The title Cat’s Cradle refers to the game in which players take turns to produce different string figures between their fingers. An echo of these improvised, temporary shapes underpins the structure and general precariousness of the sculpture, as though a large hand might swoop in and rearrange its coordinates at any moment. A dishevelled bag sits between its three metal poles and creates a shape reminiscent of a baby’s cradle. There is a dark, brooding quality to the empty space within. Any playfulness carried over from the title is undercut by an intense and ambiguous melancholy.

The Maiden, a wall mounted sculpture, one of three in this presentation, is another work that plays upon the double meaning of its title. Maiden as a term for a woman, and as a wooden drying rack that can be placed in front of a fire: each suggest a form of womanhood aligned with traditional domesticity—making a home. Questions about who has historically been responsible for the home and who is now denied access to it come through in the now familiar language of military tent fabric, bunting, rope, and toggles. As in Beasts of Burden and Betty, connections are drawn between tents and women, homes and their inhabitants. Across Dennis’s urgent, moving sculptures, we are asked to consider the human relationships imbedded in material histories, as inextricable from being as the

body itself.

 

Jo Dennis’s A Letter to my Daughter marks the artist’s first solo gallery exhibition in New York. Opening the evening of November 15, with the artist in attendance, this body of work is on view through January 3, 2026, at CARVALHO.

Essay by Rebecca Birrell, PhD

  

Jo Dennis (b. 1973, Forres, Scotland) lives and works in London. Her practice spans two decades, working across painting, sculpture, photography, and installation. Dennis received her MA in Painting from the Royal College of Art, London (2022) and a BA in Fine Art and Contemporary Critical Theory from Goldsmiths College, London (2002).

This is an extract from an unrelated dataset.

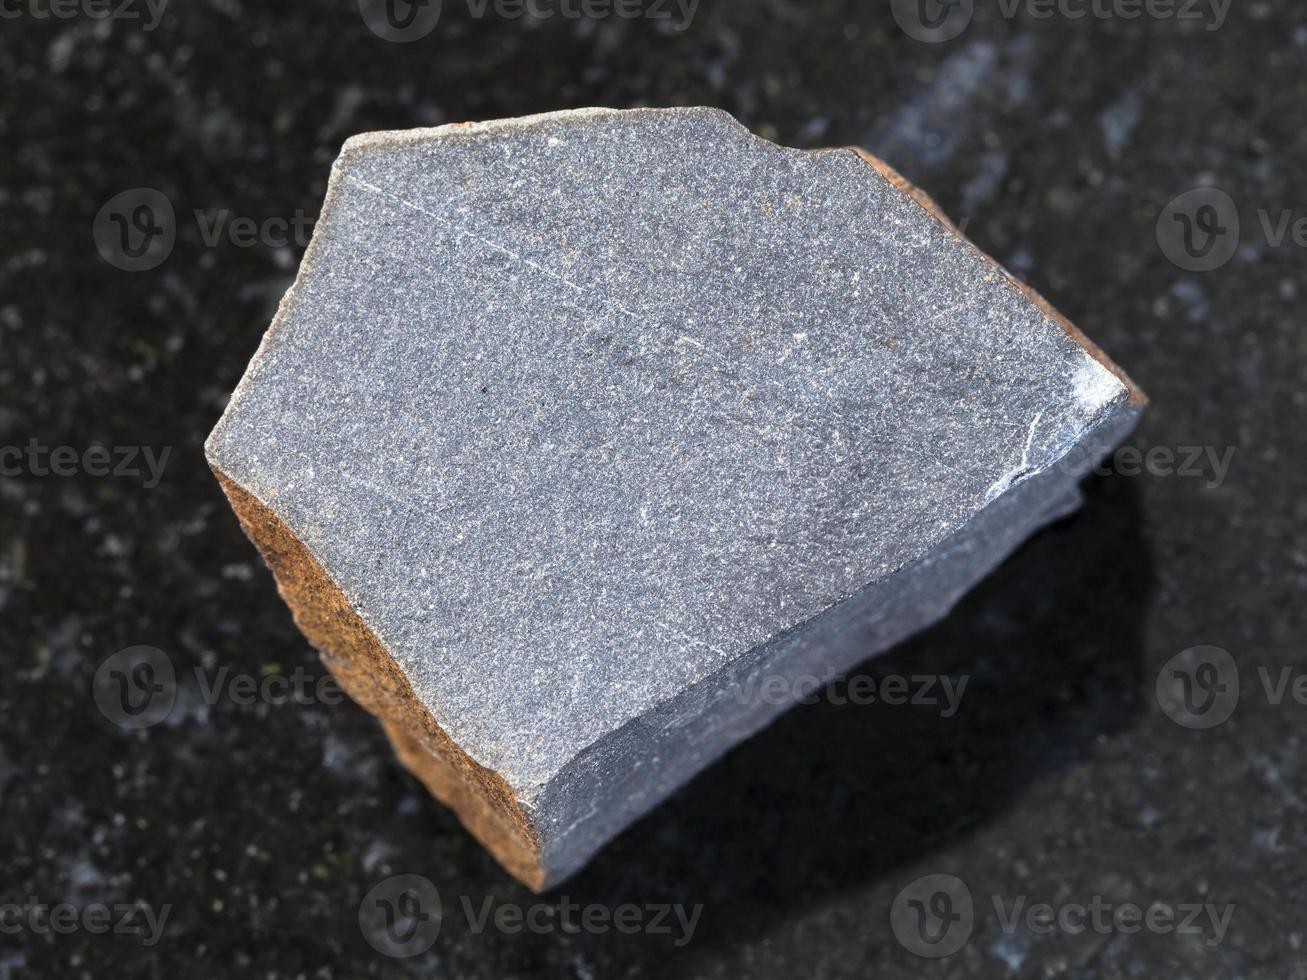 pedra áspera de taquilito de hialobasalto no escuro foto

Alongside A Letter to my Daughter at CARVALHO, Dennis is featured in The Long Now celebrating forty years of the Saatchi Gallery, London, and has an upcoming solo at Belenius Gallery, Stockholm (2026). Recent solo exhibitions include A Glass of Absinth at JO-HS, Mexico City (2025), Town Hall Disco at Newchild, Antwerp (2023), and a solo booth at The Armory Show with JO-HS Gallery (2025). Dennis is a recipient of a Grants for the Arts from Arts Council England (2023-24). She is the cofounder of several artist-led projects in London: Pigeon Park, Peckham 24 Photo Festival, AMP Gallery, and Asylum Chapel. She collaborated with Sid Motion Gallery on five solo projects (2017-2023), including the launch of her artist's book, I touched this with my hand, I touched that with my eye (2020). Dennis is a trustee of the Artists General Benevolent Institute. Her work was included in The Book of Ladders, 100 Contemporary Art Works, edited by Paul Carey Kent and Adeline de Monseignat (2023), and Site Specific by Tall Poppy Press (2023).